• _PROBLEM DESCRIPTION_
A faithful copy of the data is what is wanted, minus any pictures.

• _DATA BELOW_
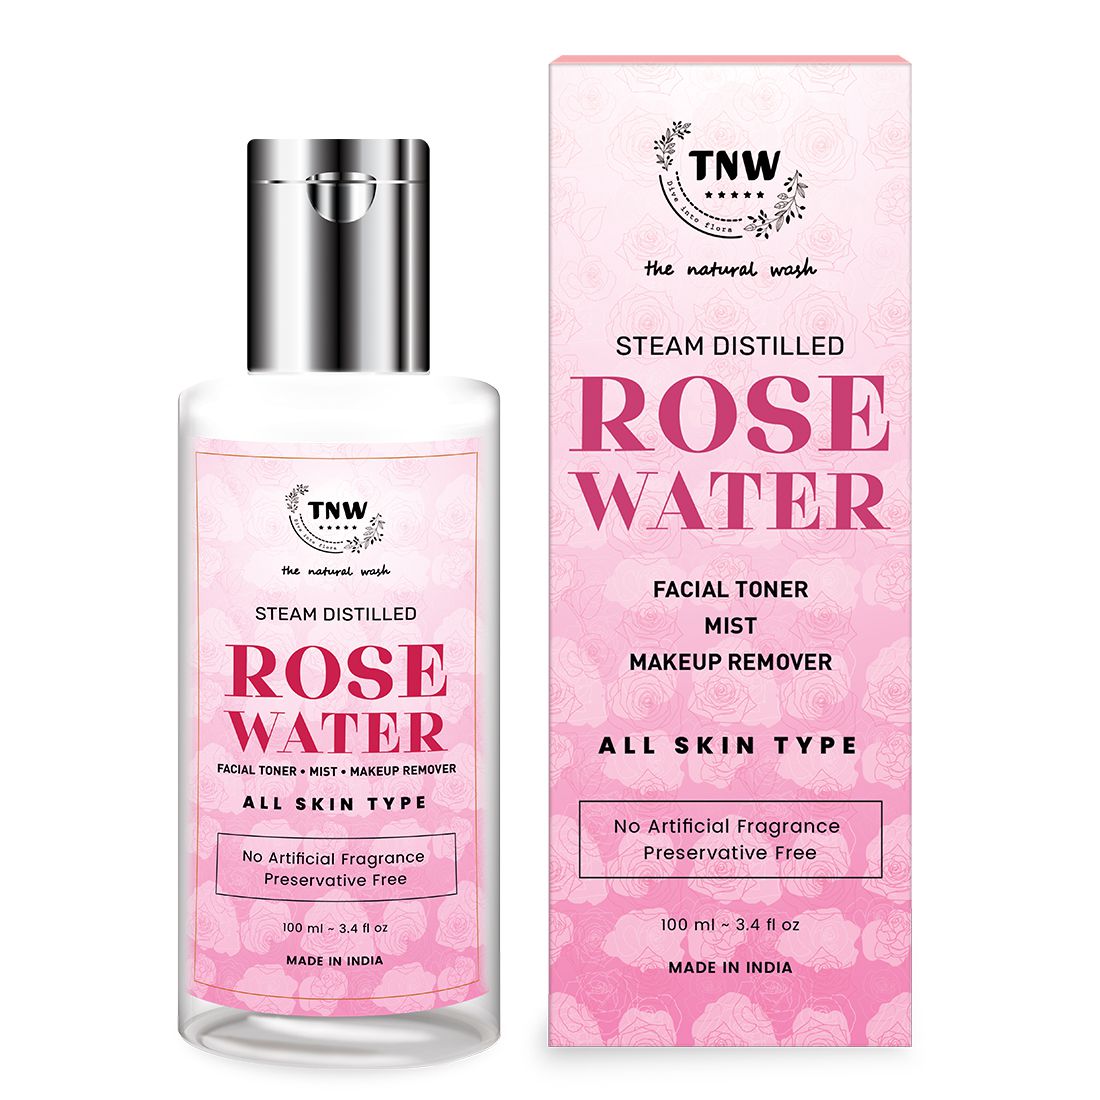 TNW The Natural Wash Skin Moisturising Rose Water/Toner/Makeup Remover 100ml
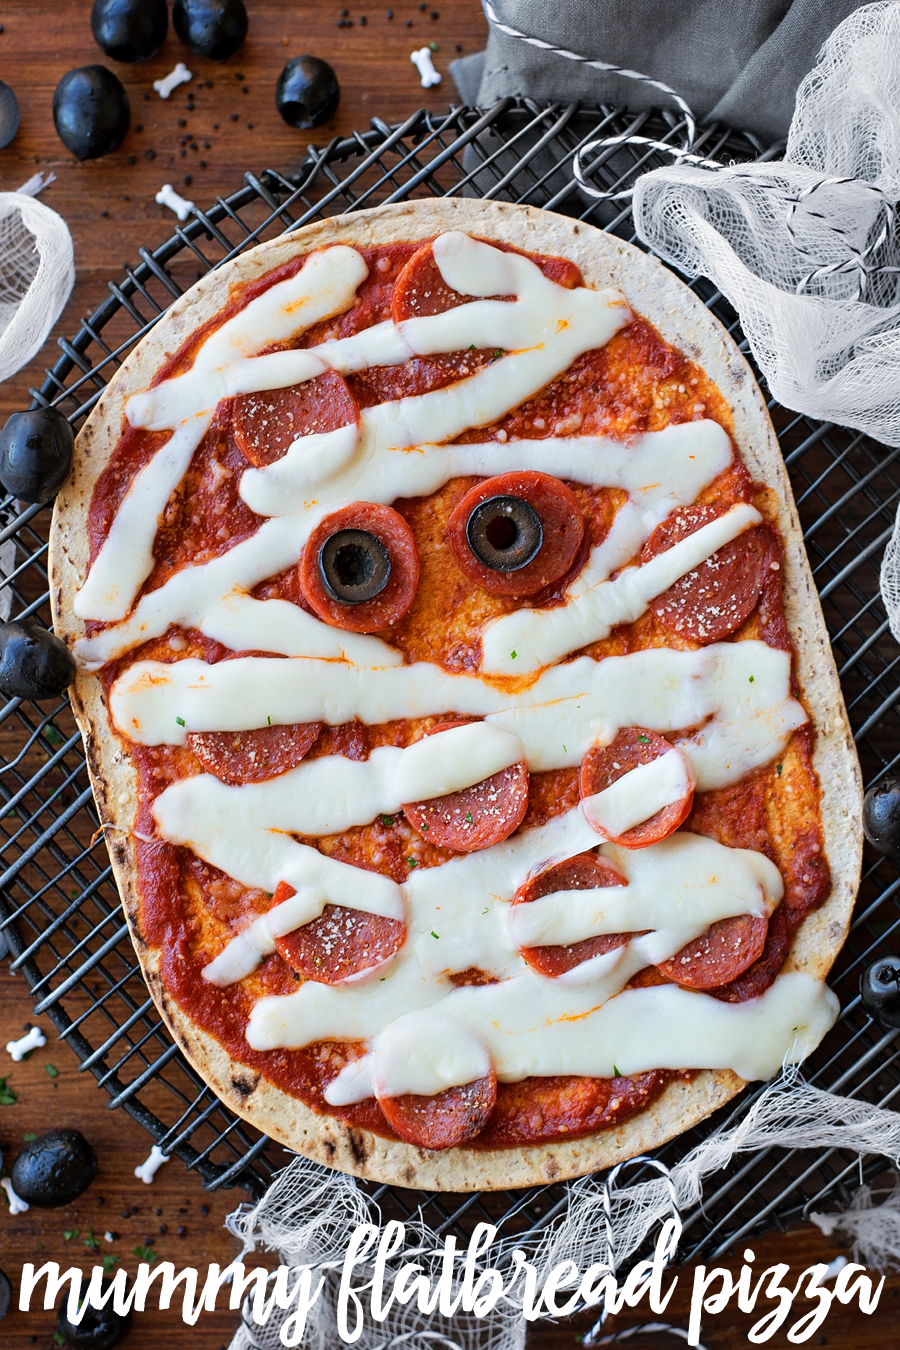 Mummy flatbread pizza with pepperoni and mozerella cheese.
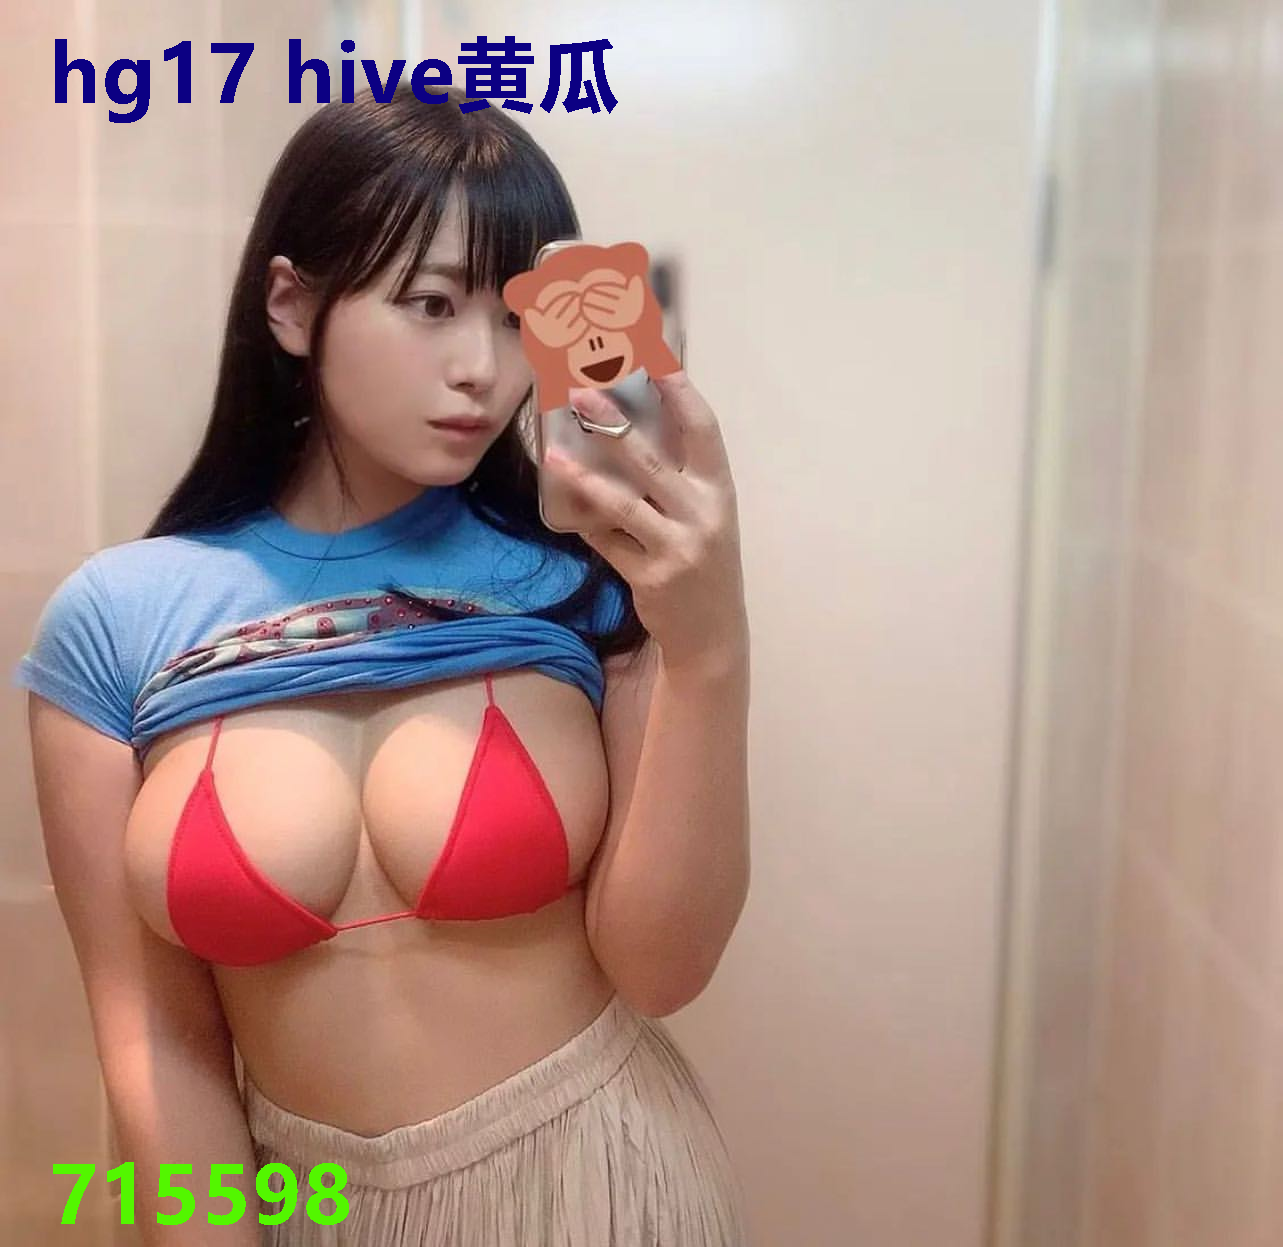 hg17 hive黄瓜

• _SOLUTION TO THIS EXERCISE_
 TNW The Natural Wash Skin Moisturising Rose Water/Toner/Makeup Remover 100ml
 Mummy flatbread pizza with pepperoni and mozerella cheese.
 hg17 hive黄瓜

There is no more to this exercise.